Mais il avait toujours le point d’appui de sa jambe plus longue, fichée dans un creux de la roche. Je lançai mon pied contre elle en y mettant toute la force qui me restait et je parvins à la dégager. Puis, pivotant sur ma jambe torse, je le précipitai dans le vide du haut de la montagne. Un seul son sortit de sa gorge tandis que je le soulevais avant de le projeter au loin, mais je ne saurais dire si c’était un éclat de rire ou bien un cri de rage ou de terreur. Il sembla rester suspendu en l’air pendant un instant et j’eus l’impression qu’il avait l’air plus amusé qu’effrayé, puis je le vis commencer à tomber. Il plongea, s’enfonçant comme une pierre dans le brouillard. Son corps semblait émettre une sorte d’éclat qui me permit de suivre la première partie de sa chute ; je le vis frapper ici et là la paroi rocheuse, au moins deux ou trois fois, et rebondir. Puis les couches de brouillard se refermèrent sur lui et il disparut pour de bon dans les profondeurs brumeuses.

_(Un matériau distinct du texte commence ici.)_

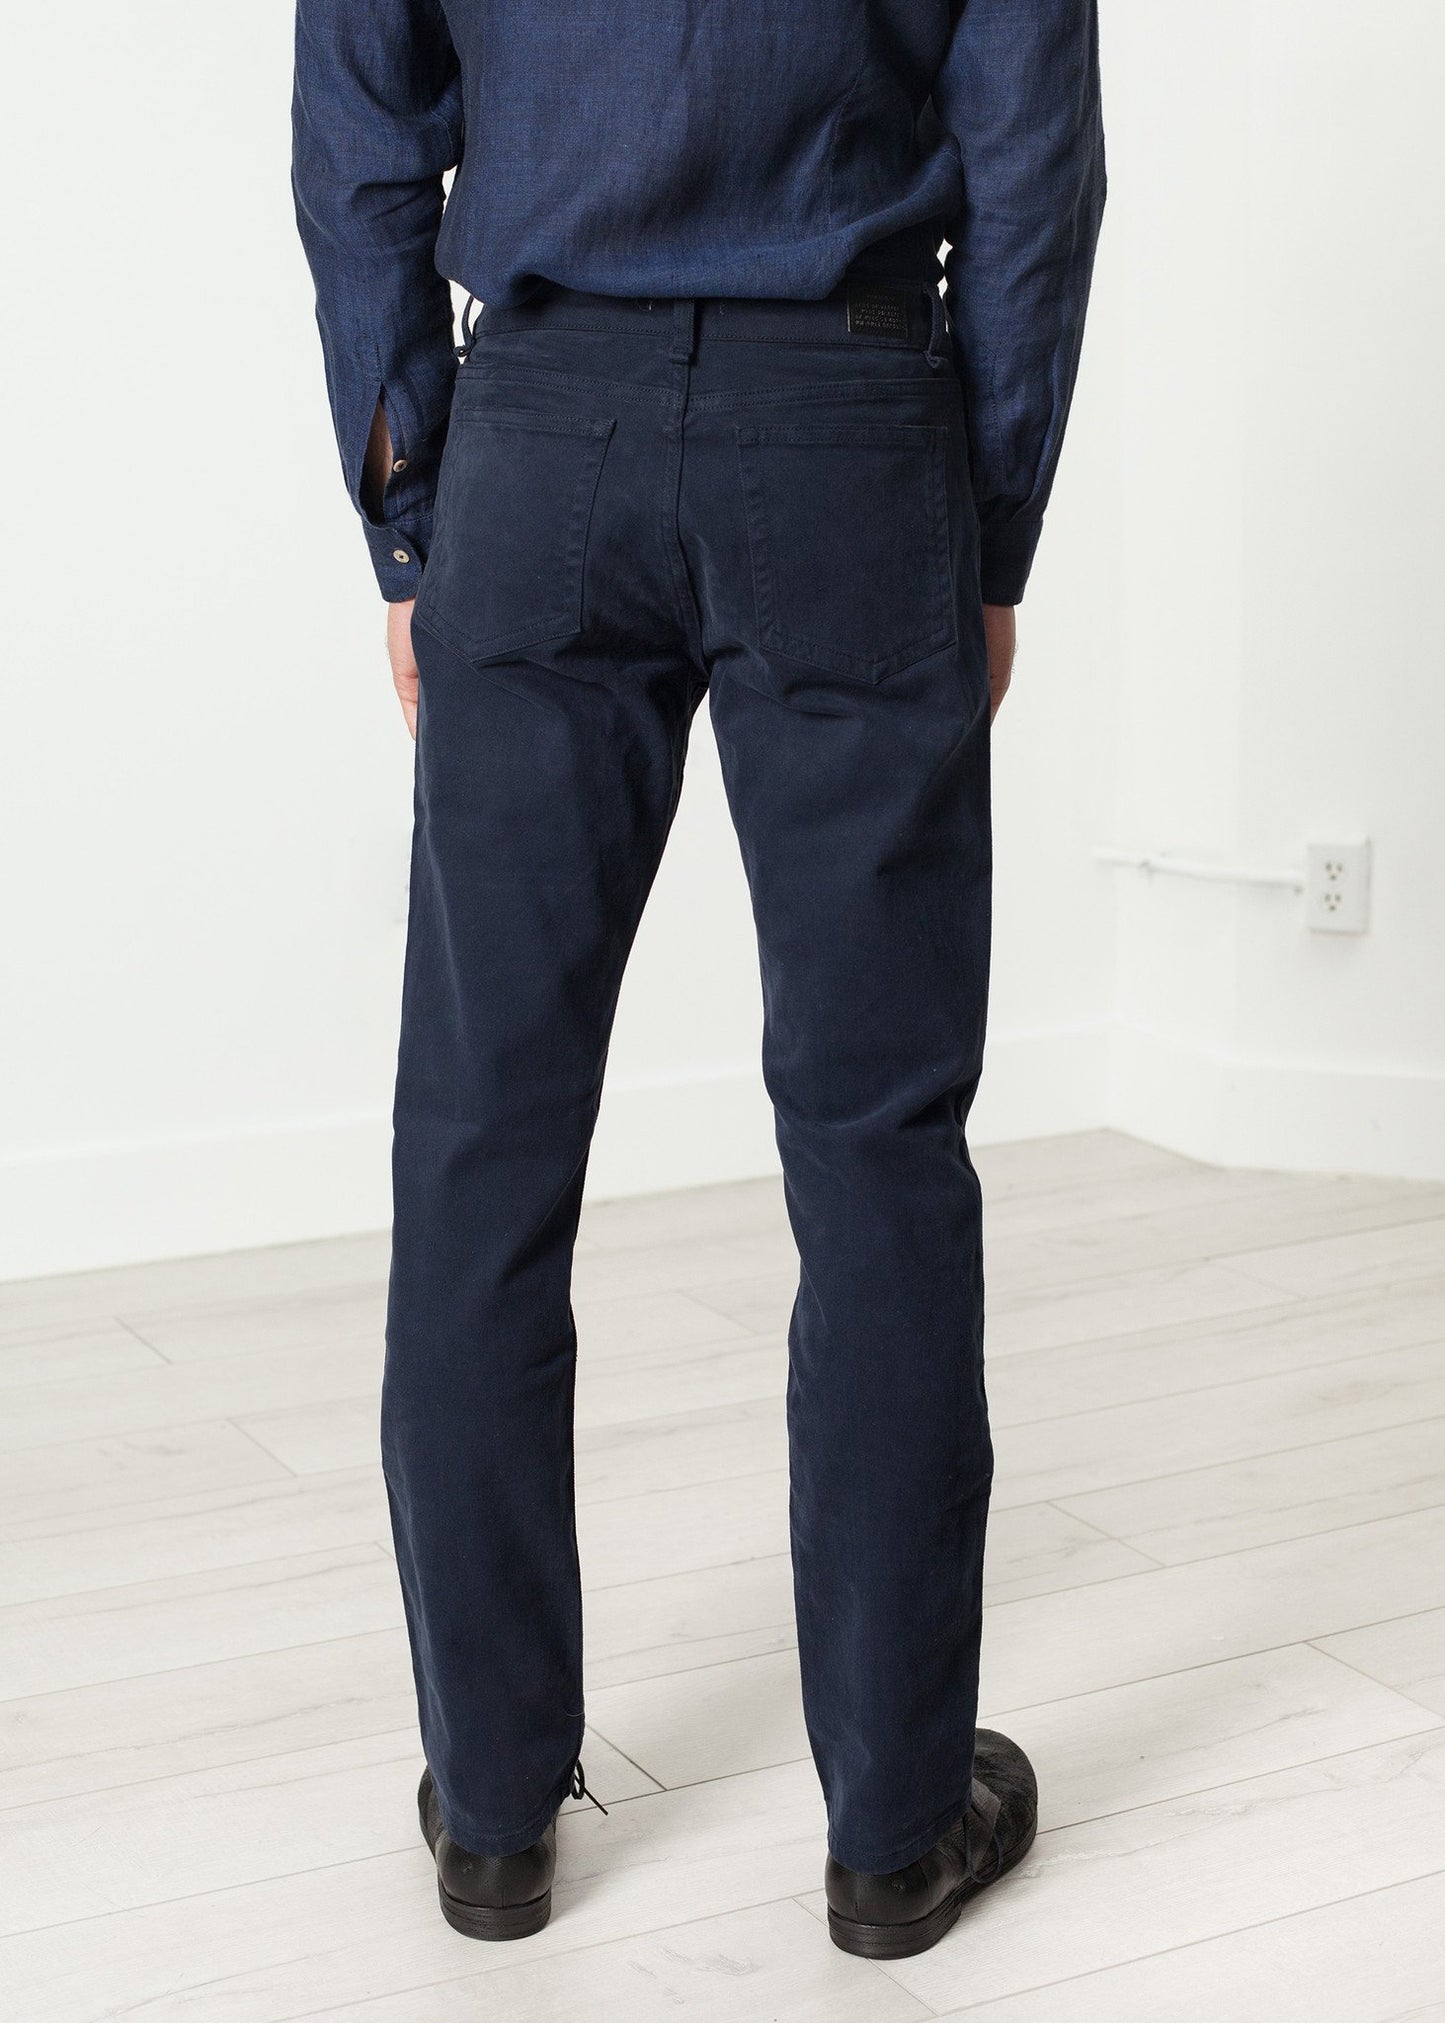 Alex Twill Pant in Navy - annaclothes

Je l’imaginai tombant toute la journée, de l’aube jusqu’à midi, puis au soir, dévalant toute la hauteur du Mur, s’enflammant dans sa chute, jusqu’à ce que la dernière cendre vienne se poser au pied de la montagne, à la borne de Roshten, aux portes de notre village. Accroupi tout au faîte du Mur, je regardai par-dessus le bord comme si je pouvais suivre l’interminable chute de Thrance jusqu’au pied de Kosa Saag.
Quand je me relevai enfin, je regardai autour de moi, hors d’haleine, hébété, stupéfait par ce que je venais de faire.

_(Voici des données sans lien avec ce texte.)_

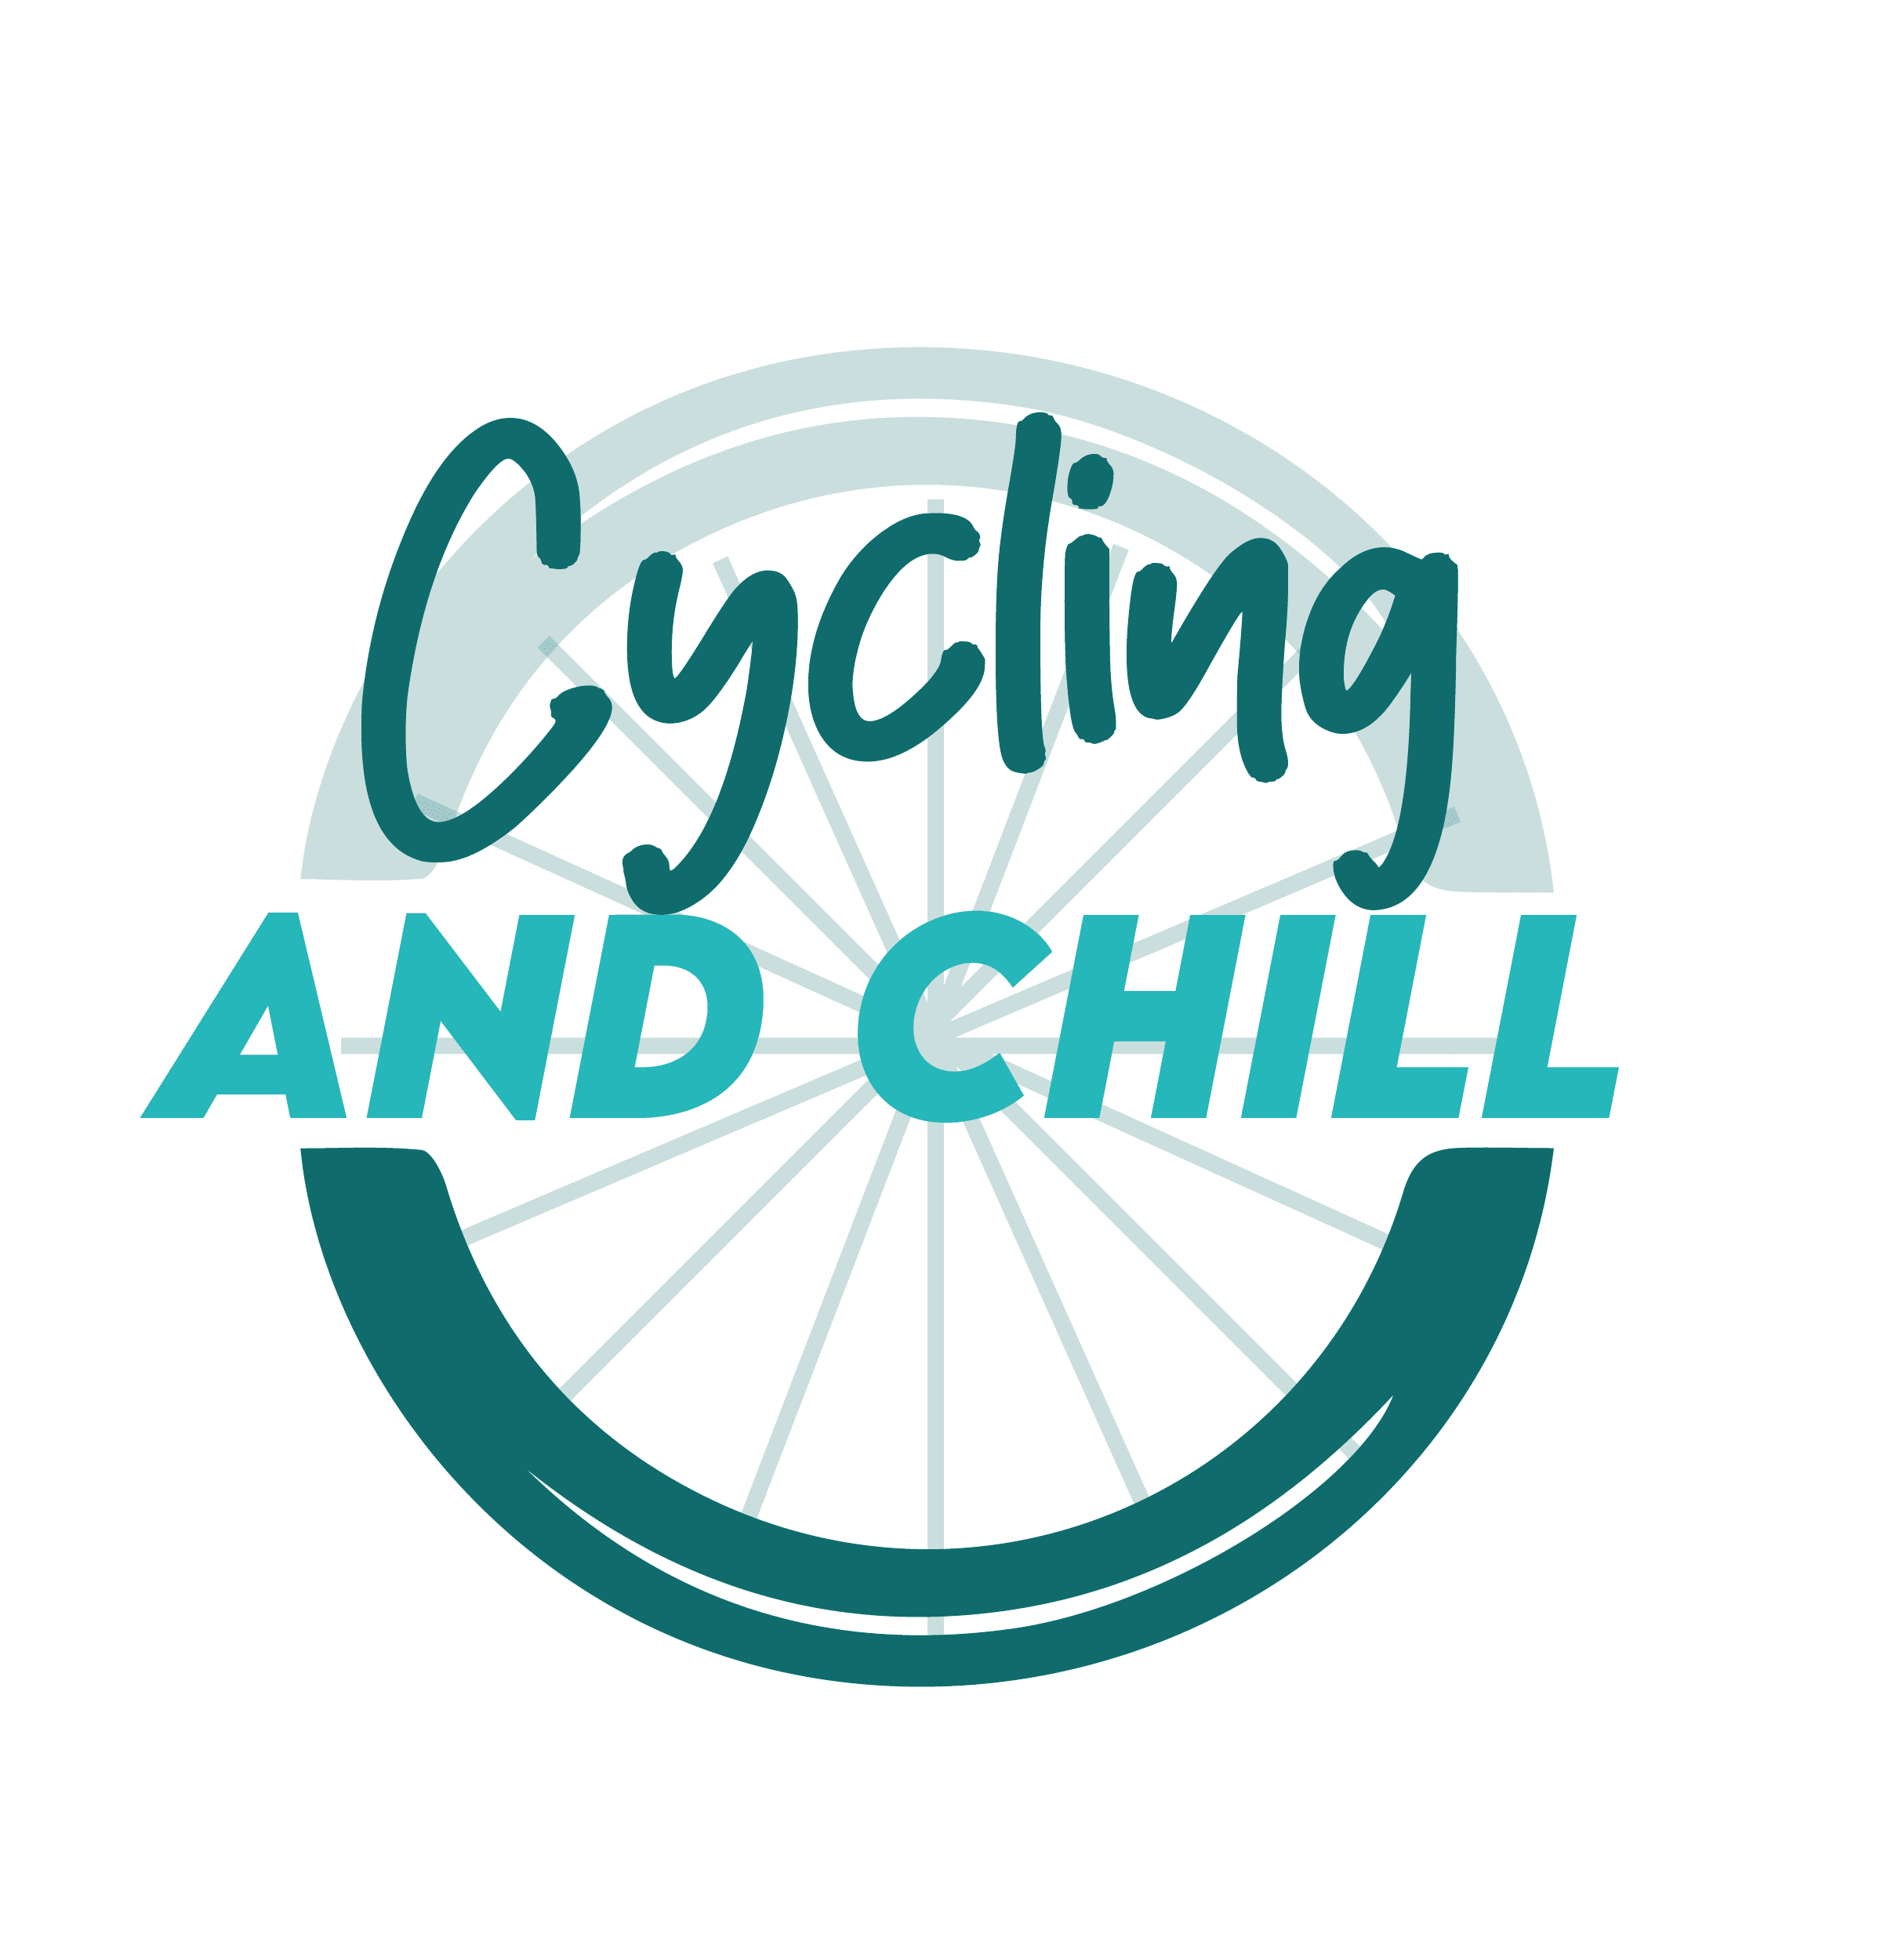 Cycling and chill logo

Trois ou quatre des maladroites créatures bestiales que je continuais malgré tout d’appeler des « dieux » étaient visibles à une faible distance, dans les premières lueurs du jour. Elles avançaient lentement vers moi, mais il m’était impossible de savoir dans quel dessein, si c’était parce qu’elles me voulaient du mal ou simplement pour mieux voir quel genre d’être j’étais. Et, en les regardant approcher, eux que j’avais espéré être mes dieux, je compris que je venais de profaner le lieu le plus sacré de tous, que j’avais commis un meurtre au Sommet même. Peu importait que Thrance eût mérité la mort pour son crime contre Thissa : il ne m’appartenait pas de la lui infliger.
En prenant conscience de cela, je sentis un voile de confusion et d’hébétude obscurcir mon esprit et, pendant quelques instants, j’oubliai totalement qui j’étais et ce que je faisais là. Je savais seulement que je m’étais rendu coupable du plus monstrueux des crimes et que je devais être châtié ; et les dieux venaient à moi pour me faire expier ma faute et subir un juste châtiment.
Je les attendis avec joie. Je me préparai à m’agenouiller devant eux. Oui, malgré tout ce que j’avais appris sur eux, je me jetterais à leurs genoux.